Students Projects

If you are interested in doing a Master thesis or semester project in data science, you can apply for one of the projects bellow. Your primary supervisors will be Francisco Pinto and Patrick Jermann, from the Center for Digital Education (CEDE).

List of Projects


Detect EPFL Activities related to Sustainability

Level: Master

Subject area(s): Discrete mathematics, Graph theory.

Description: The EPFL knowledge graph (graphsearch.epfl.ch) maps all courses and publications to a network of scientific concepts extracted from Wikipedia, that we call the concepts graph. The goal of this project is to detect and analyse EPFL’s teaching and research activities that are related to the subject of sustainability (as required by recent policies from the Swiss federal government) using tools and algorithms from graph theory.

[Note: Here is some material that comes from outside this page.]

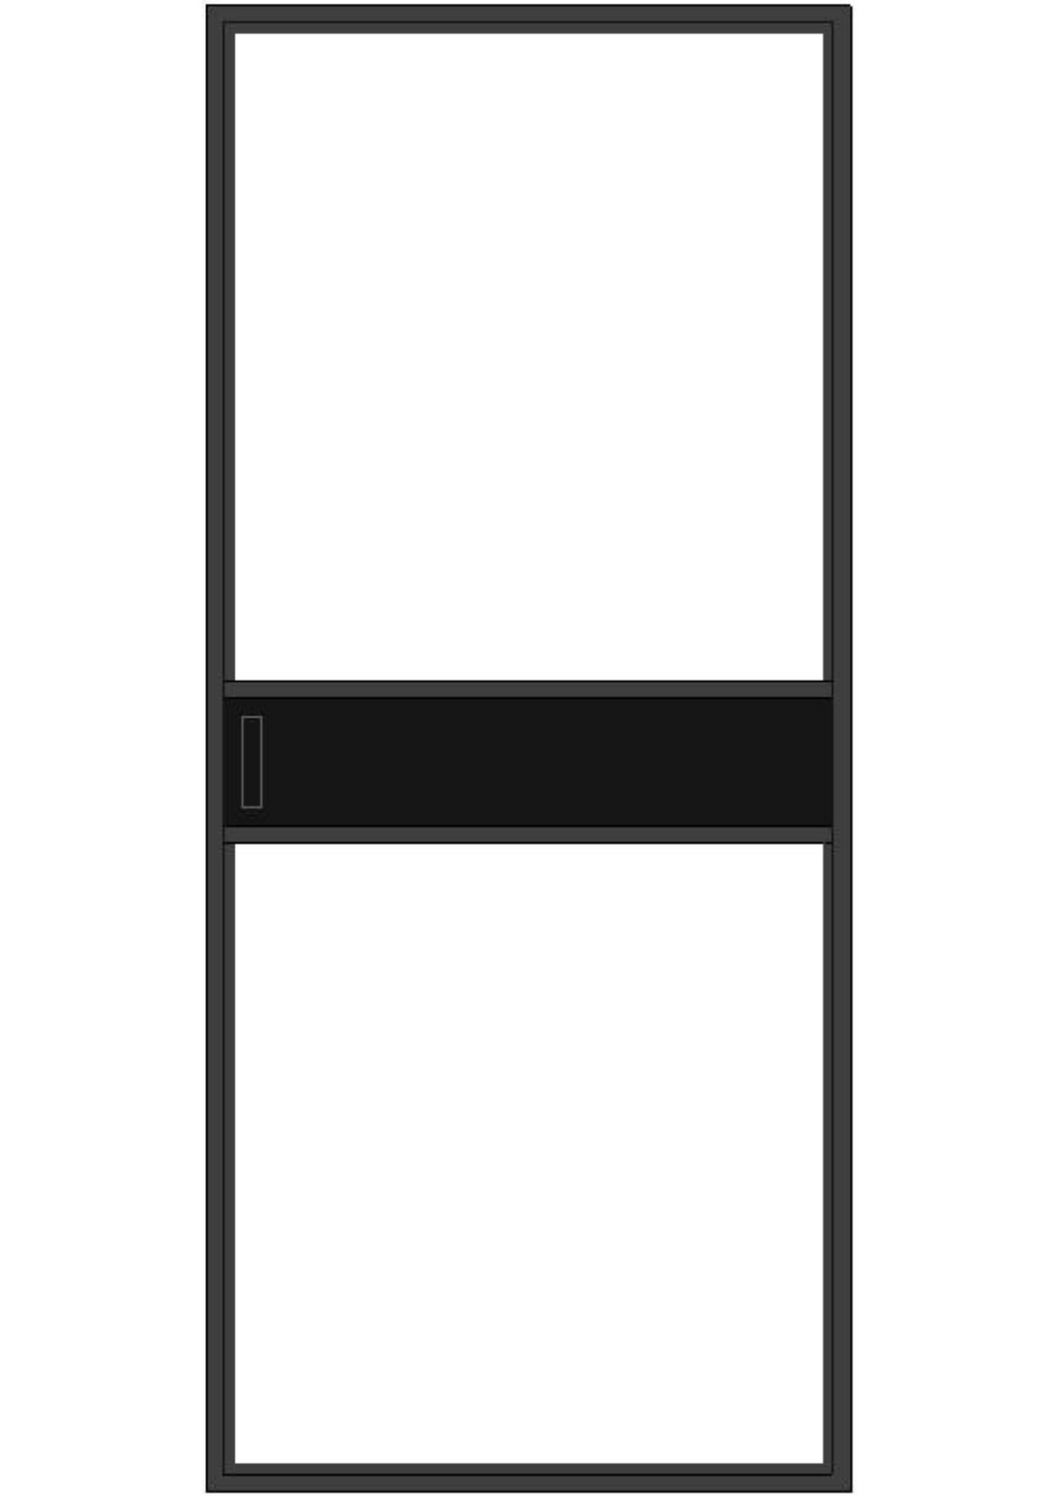 Framed Glass Door Series - GD2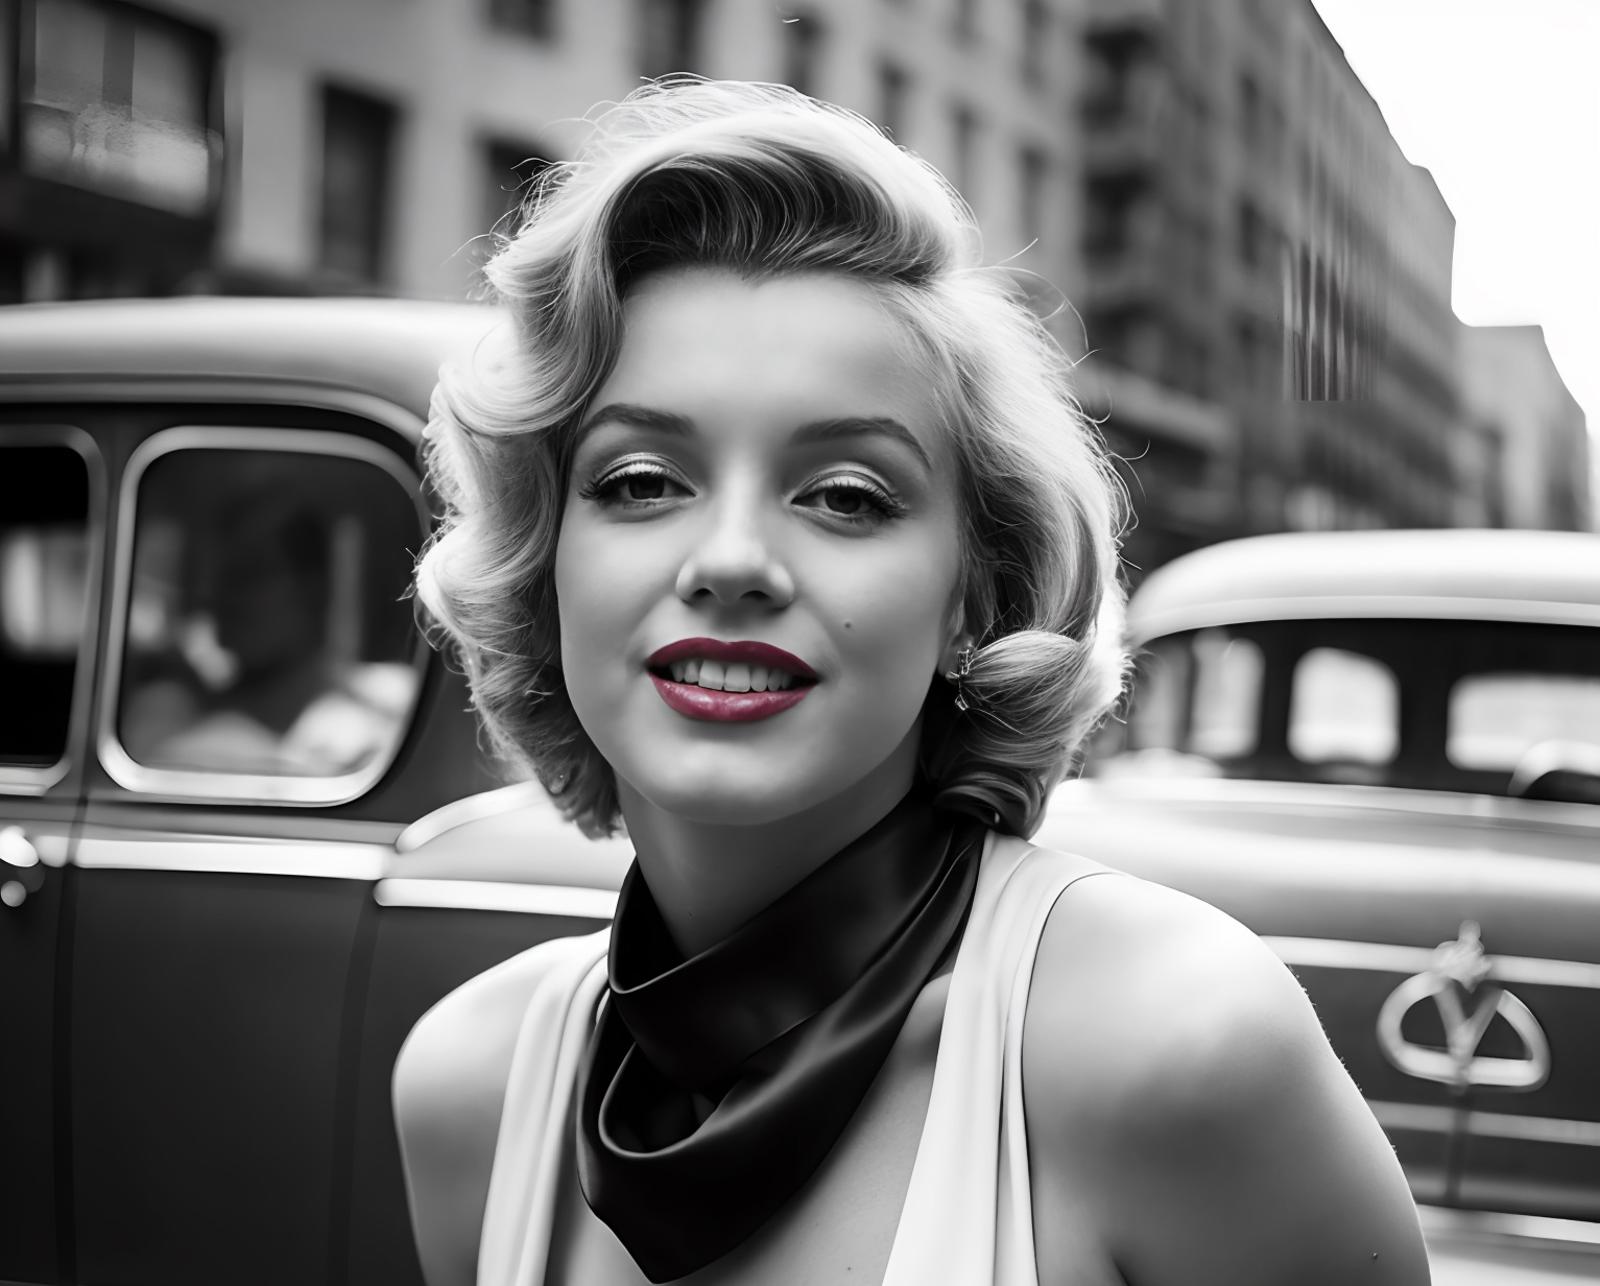 Marilyn Monroe image by Jentix

Pre-requisites: Proficiency in Python; solid knowledge of discrete mathematics and/or graph theory.

Useful tools: Python notebooks, NetworkX, Apache GraphX.

Contact: [email protected]
Please attach the grade transcripts from both your Bachelor and Master studies.


Implement Text Analysis Algorithm on a Distributed Platform

Level: Master

Subject area(s): Data engineering, distributed graph processing.

Description: One of the main pillars in the construction of EPFL’s AI-powered graph engine (graphsearch.epfl.ch) is a multithreaded text analysis algorithm that relates textual content to Wikipedia pages (Wikipedia is the basis of EPFL’s database of scientific concepts). The goal of this project is to implement the algorithm on a distributed platform using parallel processing techniques and tools, such as MapReduce and distributed graph processing.

Pre-requisites: Proficiency in Python or Scala; experience with distributed computing tools such as Hadoop and Spark; experience with the MapReduce programming model.

Useful tools: Python, Scala, Apache Hadoop, Spark, Giraph, GraphX.

Contact: [email protected]
Please attach the grade transcripts from both your Bachelor and Master studies.


Predict Research Collaborations based on Historical Paper Co-Authorships

Level: Master

Subject area(s): Machine learning, graph theory.

Description: The EPFL knowledge graph (graphsearch.epfl.ch) contains a historical network of paper co-authorships dating back 15+ years. The goal of this project is to use that historical data to predict, using machine learning techniques, and recommend future collaborations to our doctoral students and postdocs. NOTE: We receive many applications for our machine learning projects; keep in mind that we’ll give priority to students who have a solid mathematical knowledge of graph theory.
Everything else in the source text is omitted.